I’ve been tasked with hashing arbitrary types in C++, with the caveat that `A == B`

implies `hash(A) == hash(B)`

even if equality of `A`

and `B`

is determined by a custom equality function `==`

.

For simplicity we can assume that `==`

is an equivalence relation.

For example, the expected behavior of the `hash`

function on std::vectors is as follows:

Given

`using namespace std; vector A = vector(); vector B = vector(); `

`A == B`

will be true because `==`

is overloaded for `std::vector`

to mean equality of the underlying data. Correspondingly, `hash(A) == hash(B)`

should also be true.

I can’t simply hash the addresses of `A,B`

as integers because `A == B`

but `hash(&A) != hash(&B)`

in general.

I’ve thought of one solution, but I wonder if its optimal. It seems terribly inefficient. The solution is to build the `hash`

function as new values are hashed:

` using namespace std; <template class Key> class Hasher{ public: unordered_map<pair<Key,Integer>> hashedKeys; int max_hash Hasher(int max_hash){ this->max_hash = max_hash; } int hash(Key key){ // If key has already been hashed, used that hash_value if ( hashedKeys.count(key) == 1){ return hashedKeys[key]; } // For pairs of saved (Key key, int hash_value) for(unordered_map<Key,Integer>::iterator it=hashedKeys.begin(); it!=hashedKeys.end(); it++;){ // If an equal key has been inserted, just use its hash_value if(key == *it){ hashedKeys.insert(key, *it.second); return *it.second; //use hash value of equal Key } } // If no other Keys equal this one, randomly hash it, and save int hash_value = rand() % max_hash; hashedKeys.insert(key, hash_value); return hash_value; } } `

I could do some extra bookkeeping to ensure that inequivalent Keys are less likely to be mapped to the same hash by the random assignment, but that’s largely besides the point.
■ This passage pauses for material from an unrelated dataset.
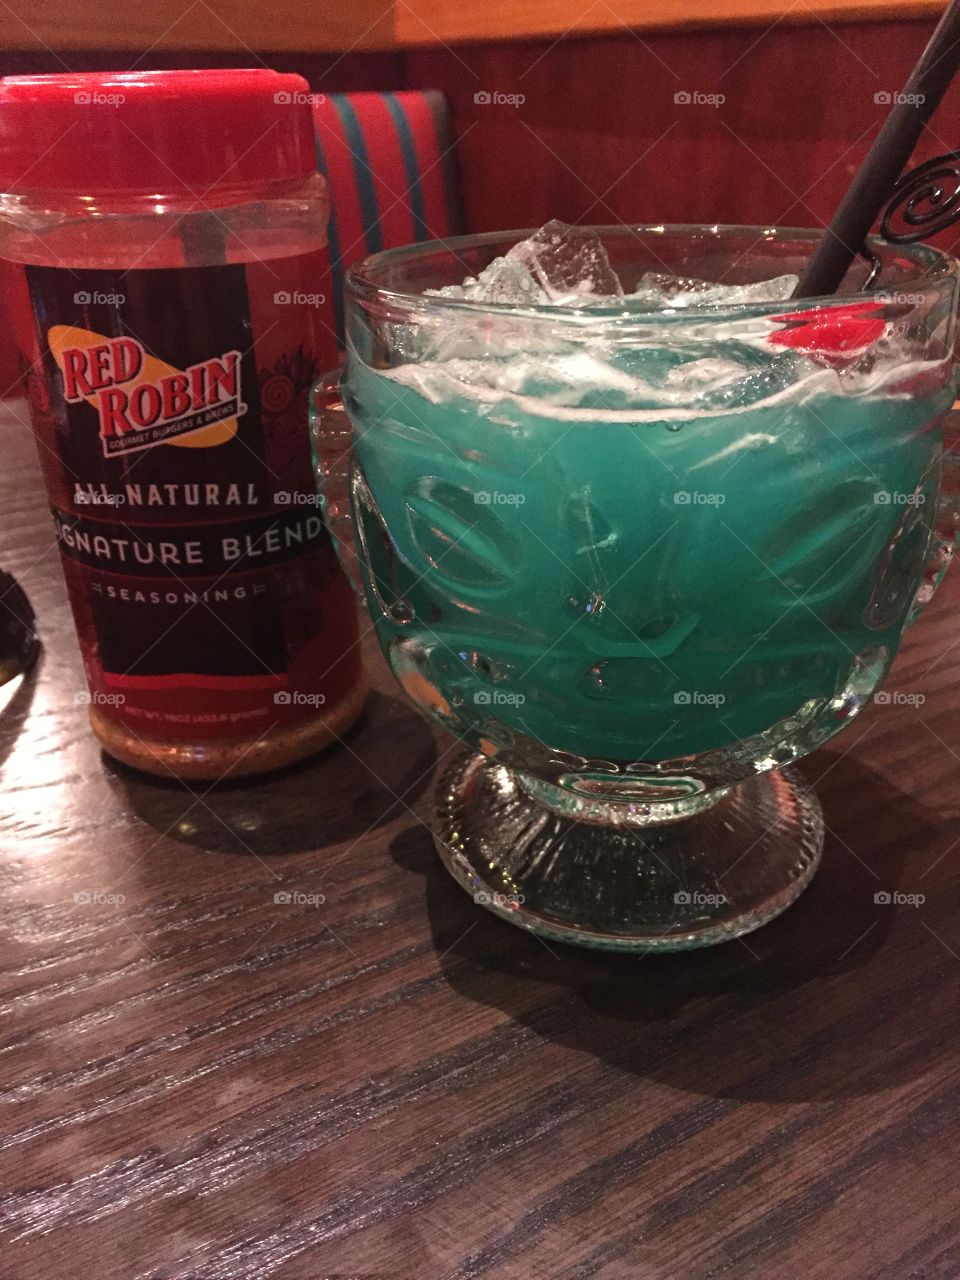 Tiki God. Dinner and drinks at our favorite Red Robin
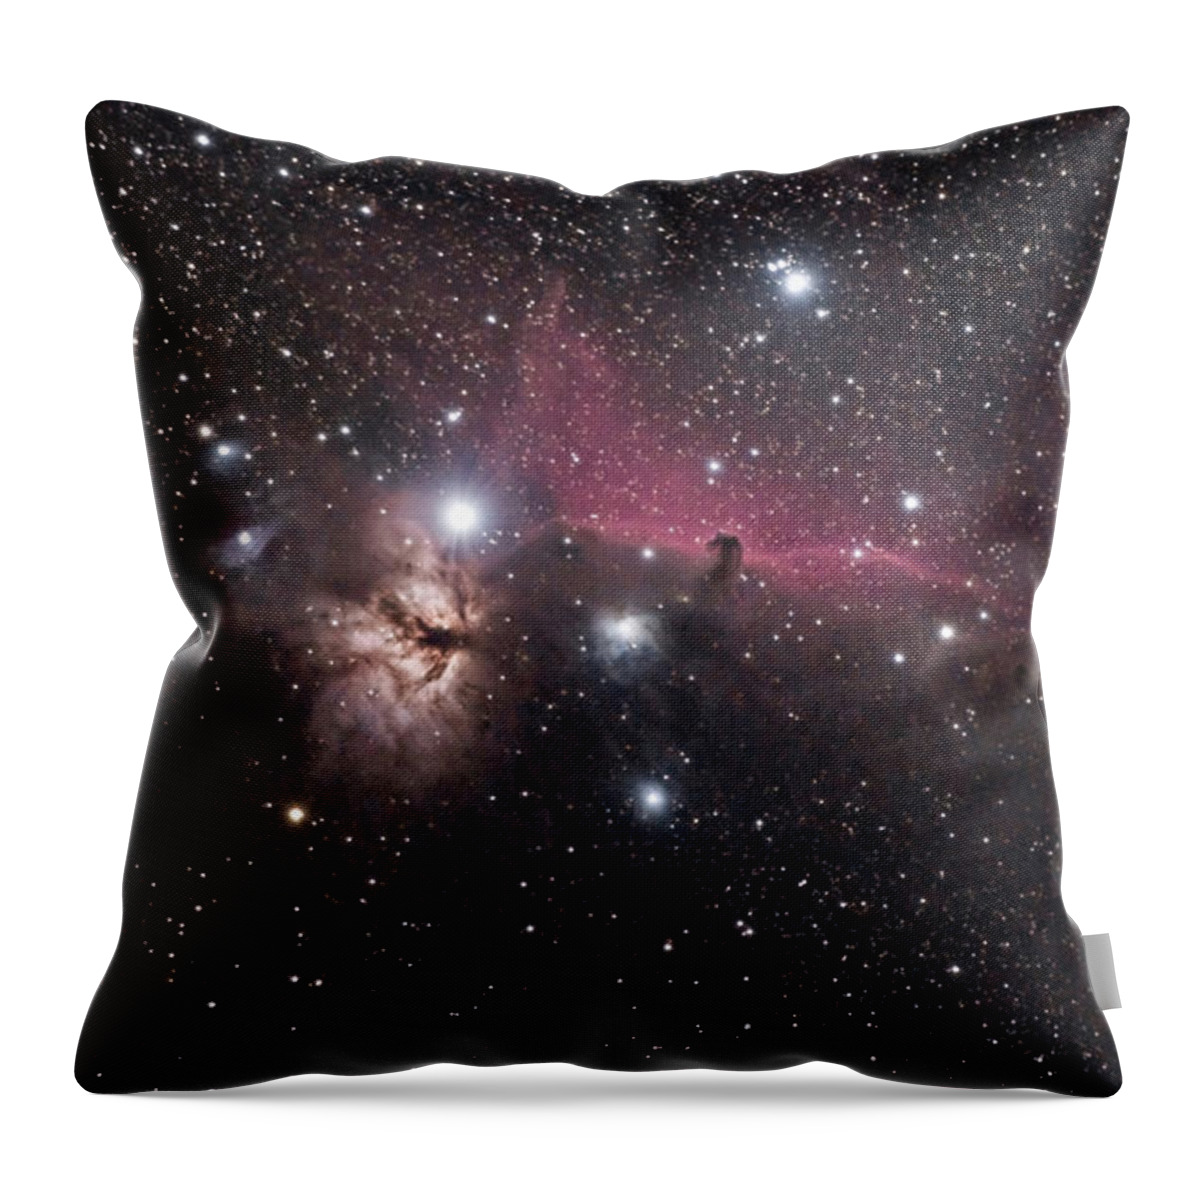 Astrophotography Throw Pillow featuring the photograph Horsehead Nebula by Grant Twiss

Ignoring collision resolution, hashing a new value is `O(hashedKeys.size())`

, while hashing a previous hashed value is `O(1)`

We also require `O(n)`

additional space to store the computed hash values, where most hash functions require `O(1)`

.

In a situation where a cache is large and new keys are constantly being inserted, the `O(n)`

search is incredibly inefficient, so I’d prefer another approach if possible, or a proof that improvement is impossible.

Take the class ParityInteger:

`class ParityInteger{ public: int number; ParityInteger(int n){ number = n; } bool operator==(const ParityInteger& other){ return (number % 2) == (other.number % 2); } } `

The ideal `hash`

for such a class is:

`int hash(ParityInteger n){ return n%2; } `

which basically assigns a ParityInteger to a representative of its equivalence class.

Besides my method in the class `Hasher`

, is there any better way to automatically find a function which assigns equivalent members of an arbitrary type to the same integer, without being trivial?

Given a computable equivalence relation `==`

for some type, is there an algorithm to compute a nontrivial function `hash`

such that `==`

is a congruence relation wrt `hash`

.